__PROBLEM DESCRIPTION__: Word for word, return each entry that follows, with every image removed.

__GIVEN RECORDS__:
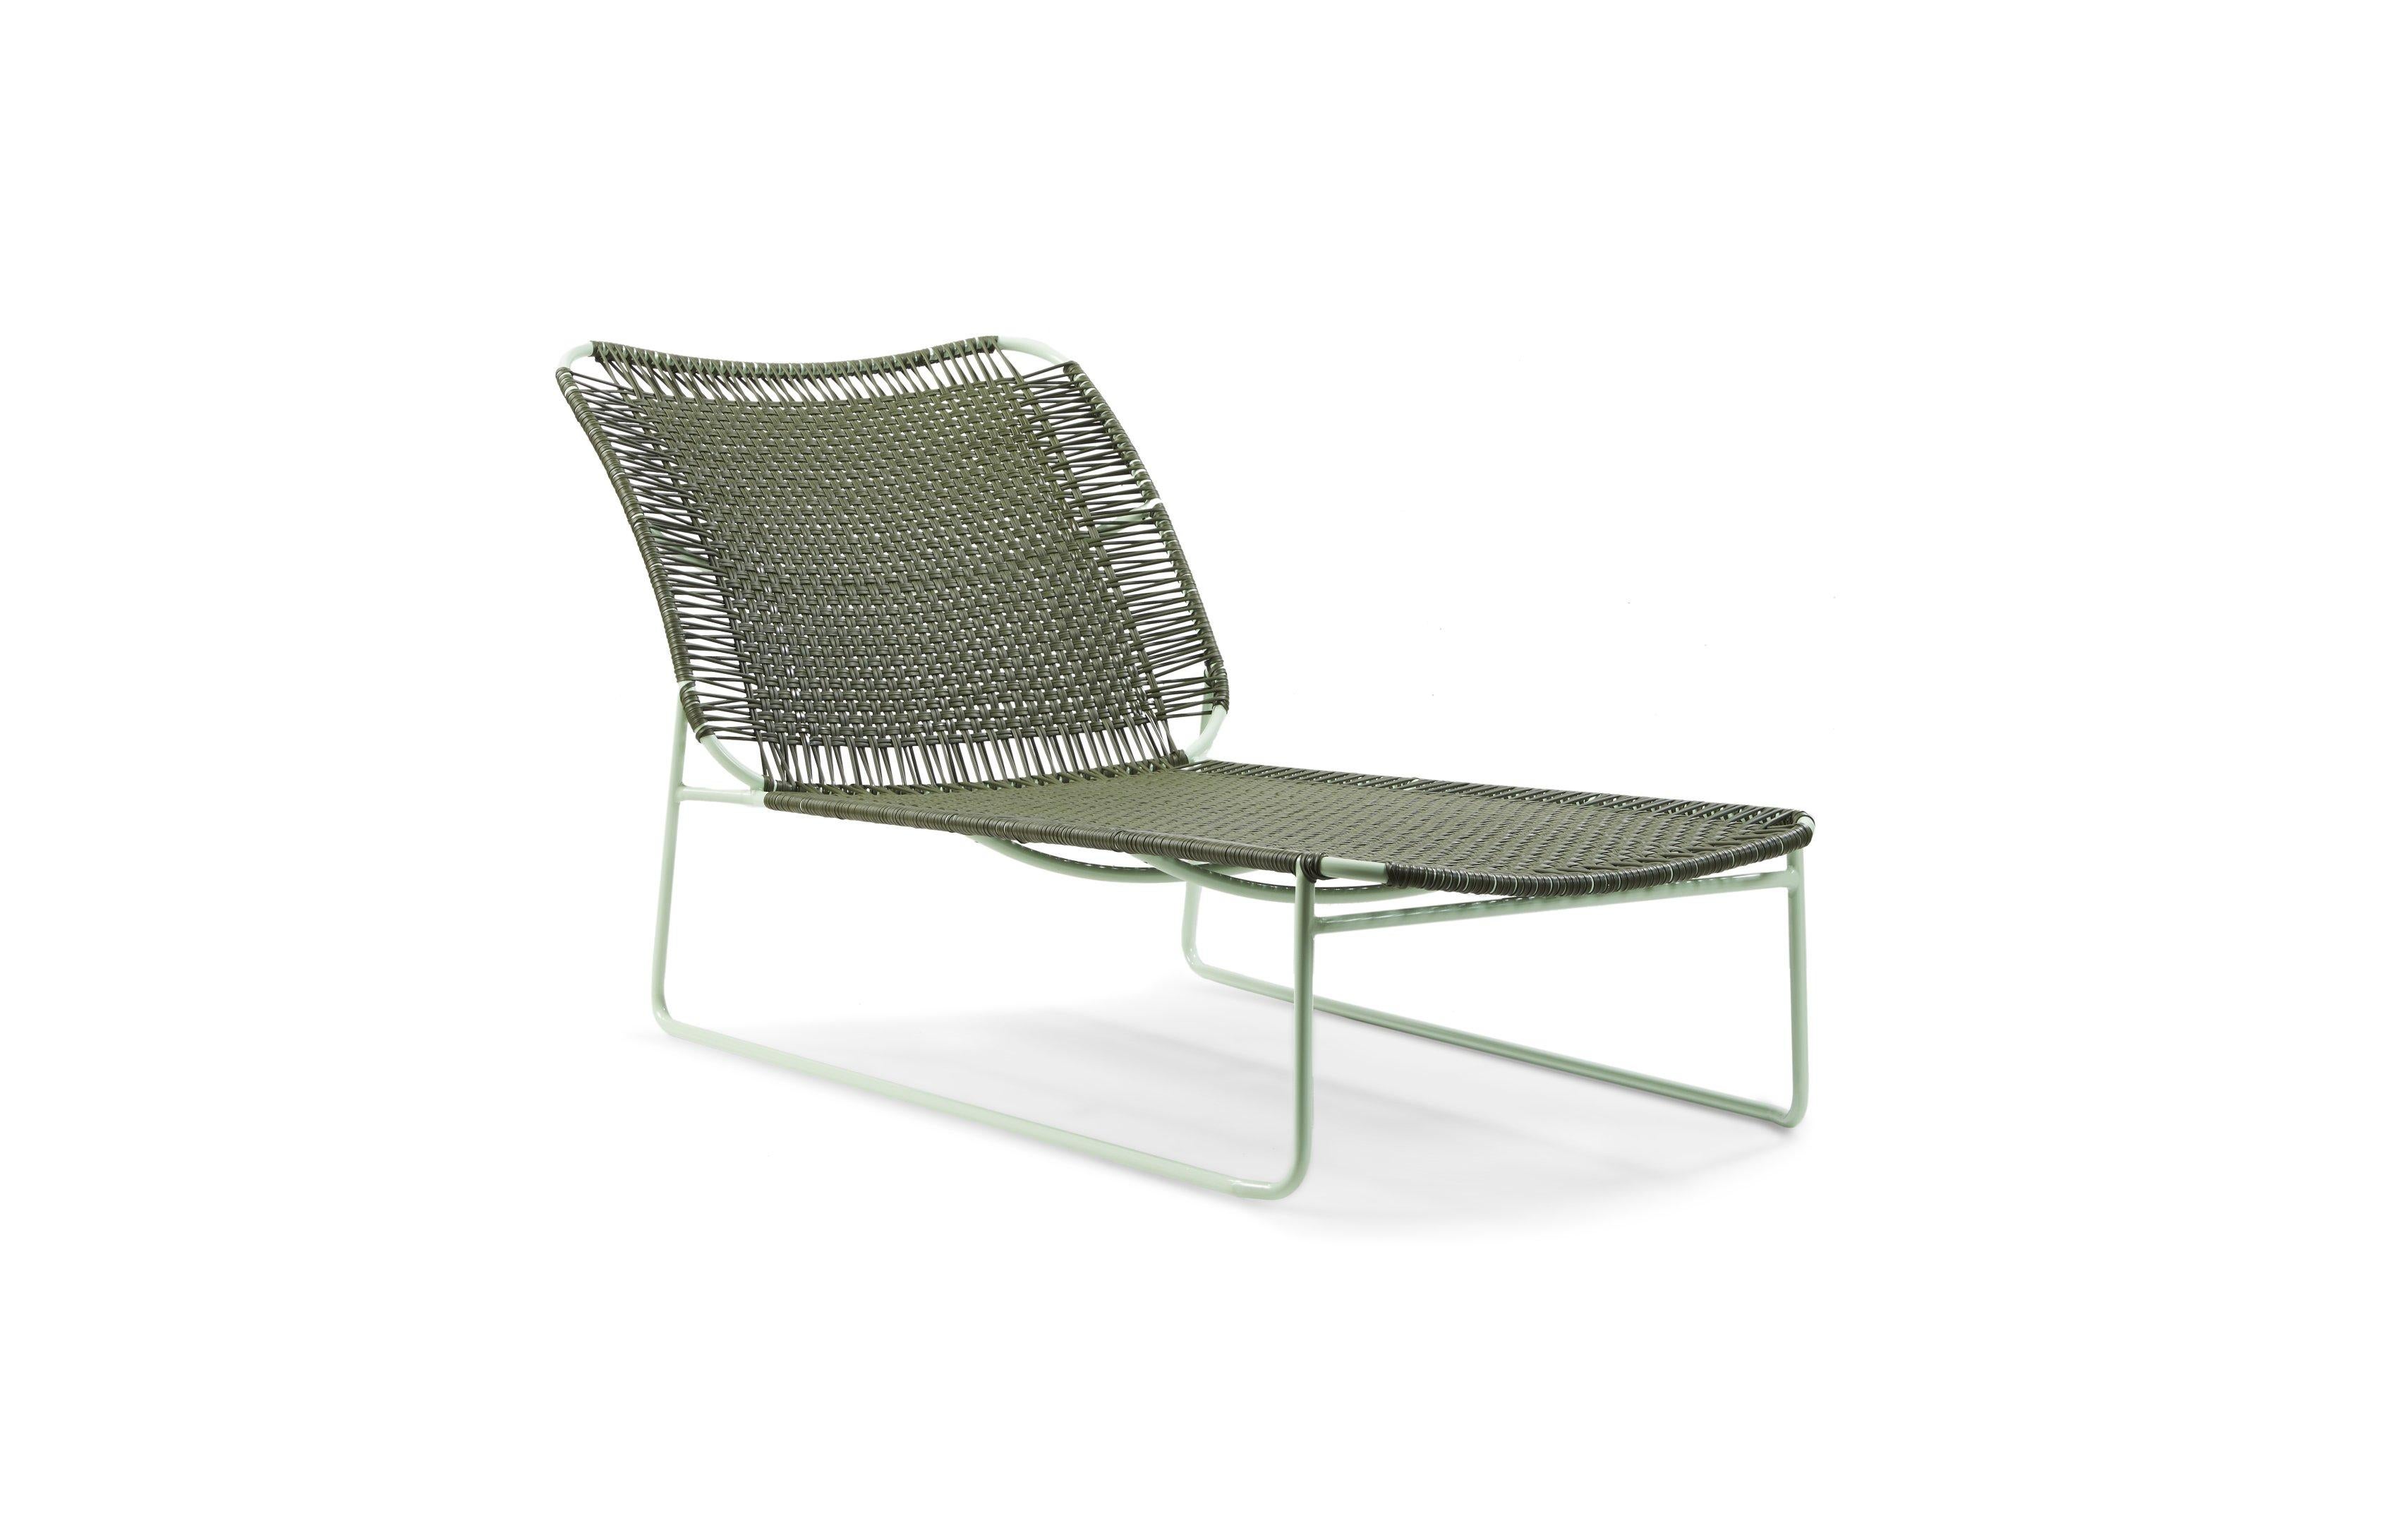 Olive Cielo daybed by Sebastian Herkner
Dimensions: 172 x 78 x 83 cm
Materials: recycled plastic, metal

Made from recycled plastic strings and galvanized, powder-coated steel, the bed is available in five clearways: mint/ black, black-black,
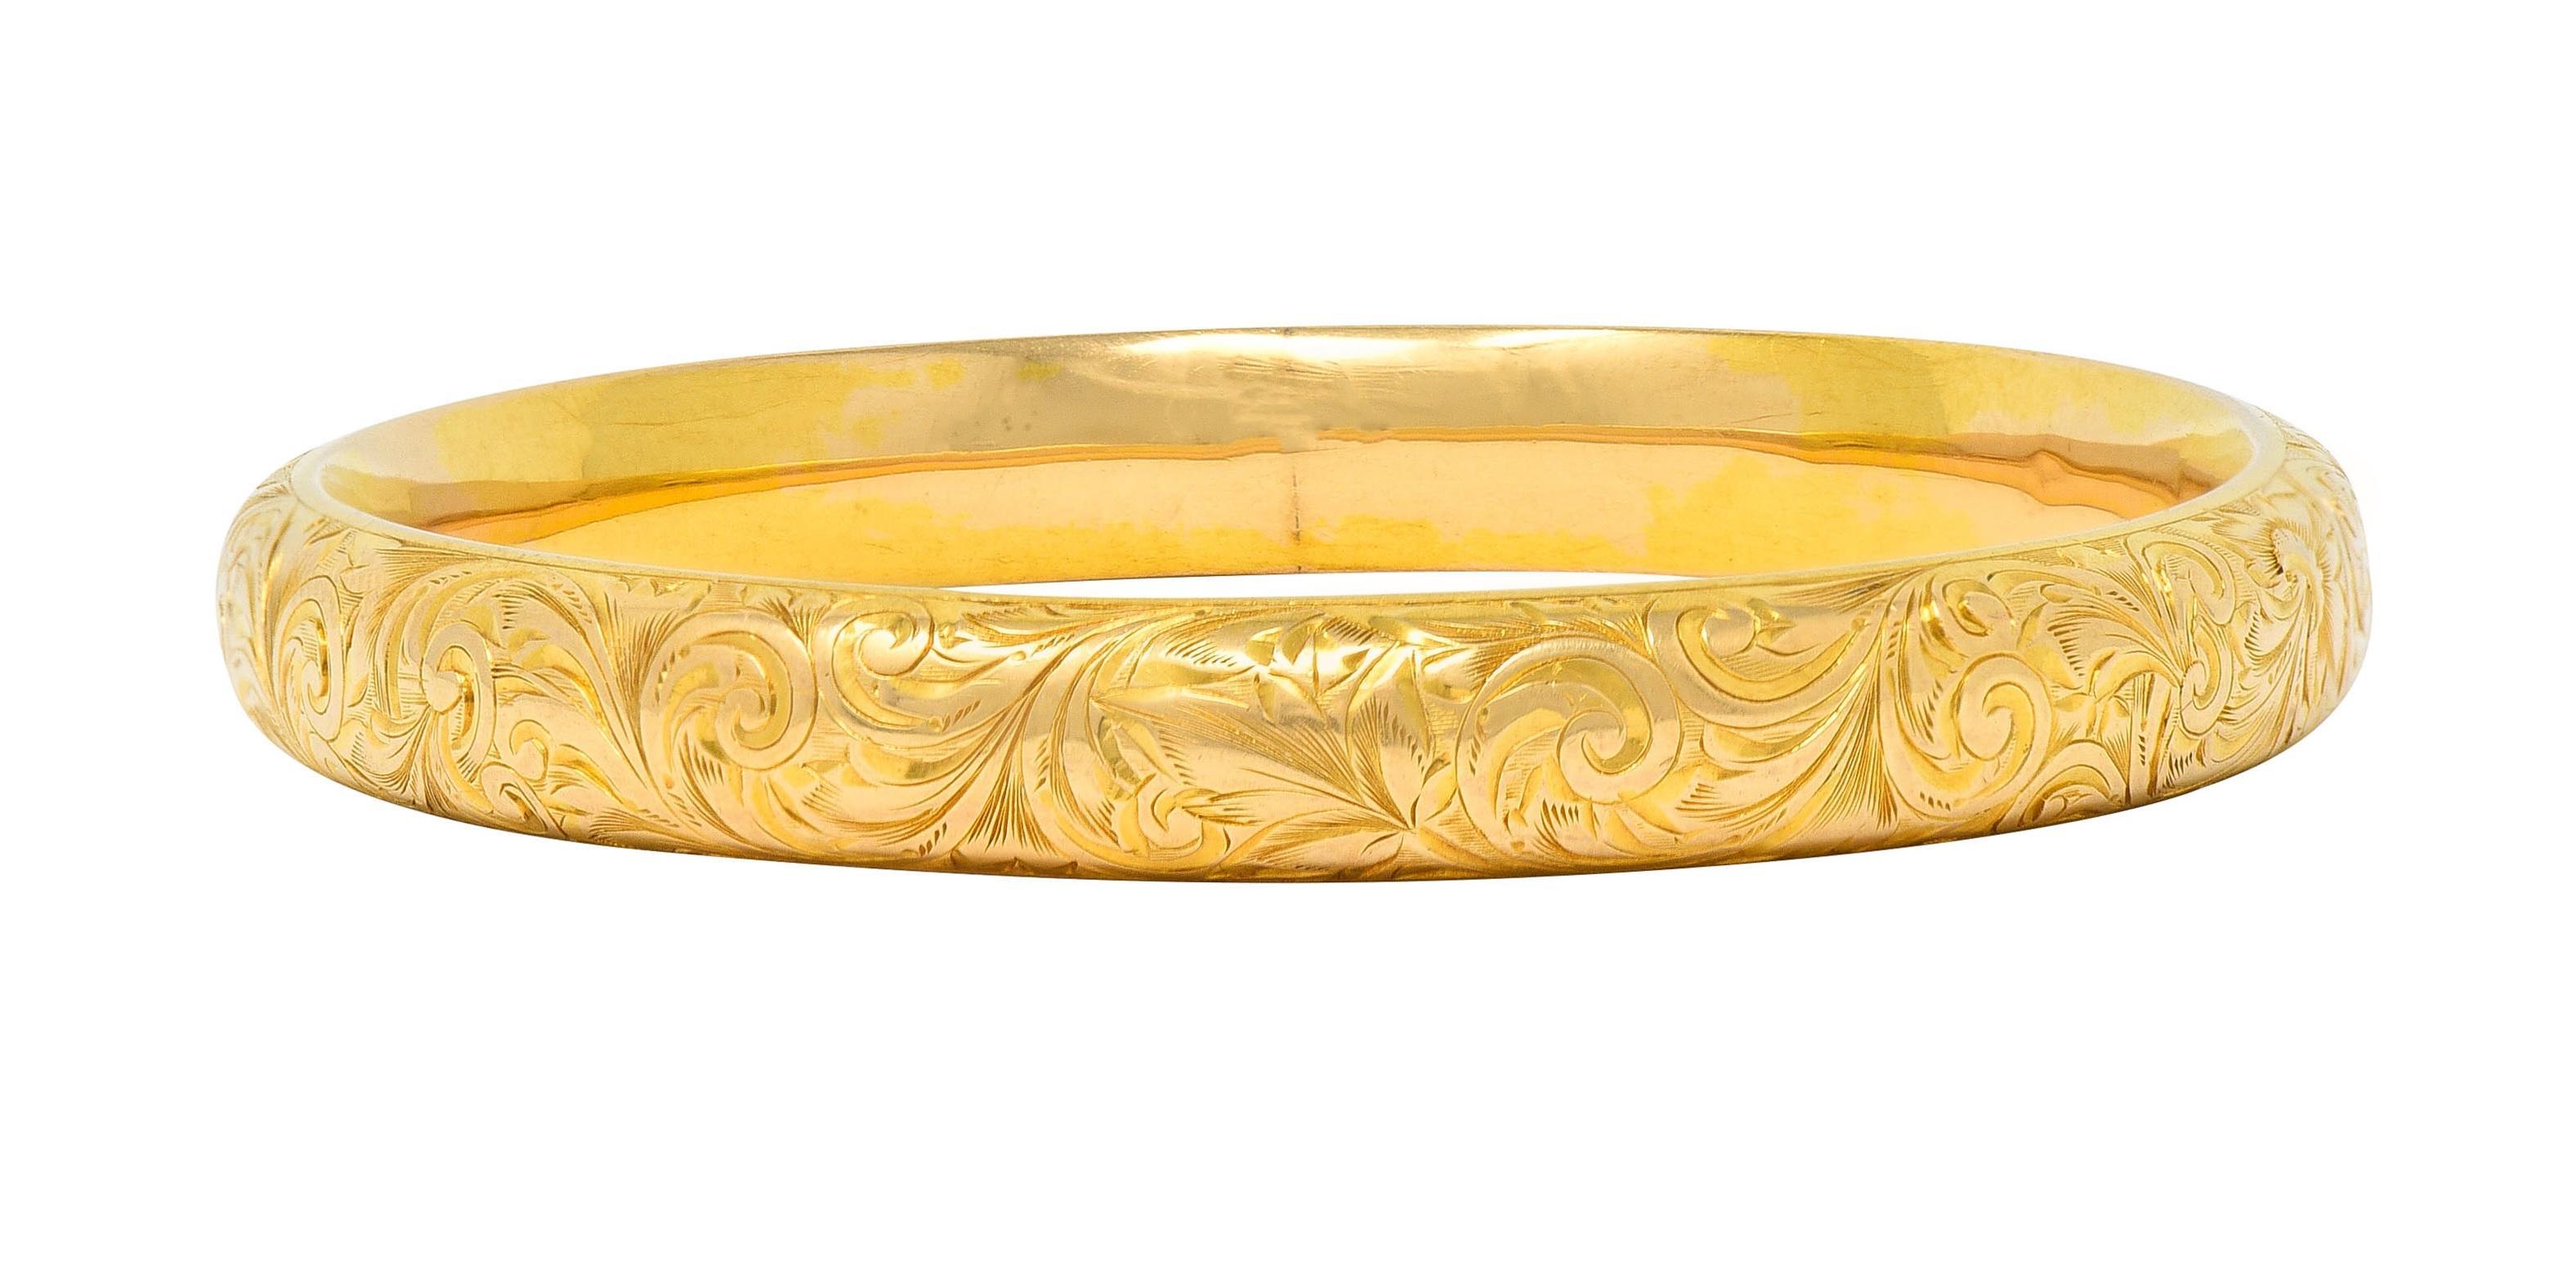 Designed as an oval-shaped bangle with a curved surface
Engraved with an ornate scroll motif throughout
With floral motifs and linear texture
Tested as 14 karat gold
With partial maker's mark for Riker Brothers
Circa: 1900
Width: 5/16 inch
Bracelet

__ANSWER TO THIS EXERCISE__:
 Olive Cielo daybed by Sebastian Herkner
Dimensions: 172 x 78 x 83 cm
Materials: recycled plastic, metal

Made from recycled plastic strings and galvanized, powder-coated steel, the bed is available in five clearways: mint/ black, black-black,
 Designed as an oval-shaped bangle with a curved surface
Engraved with an ornate scroll motif throughout
With floral motifs and linear texture
Tested as 14 karat gold
With partial maker's mark for Riker Brothers
Circa: 1900
Width: 5/16 inch
Bracelet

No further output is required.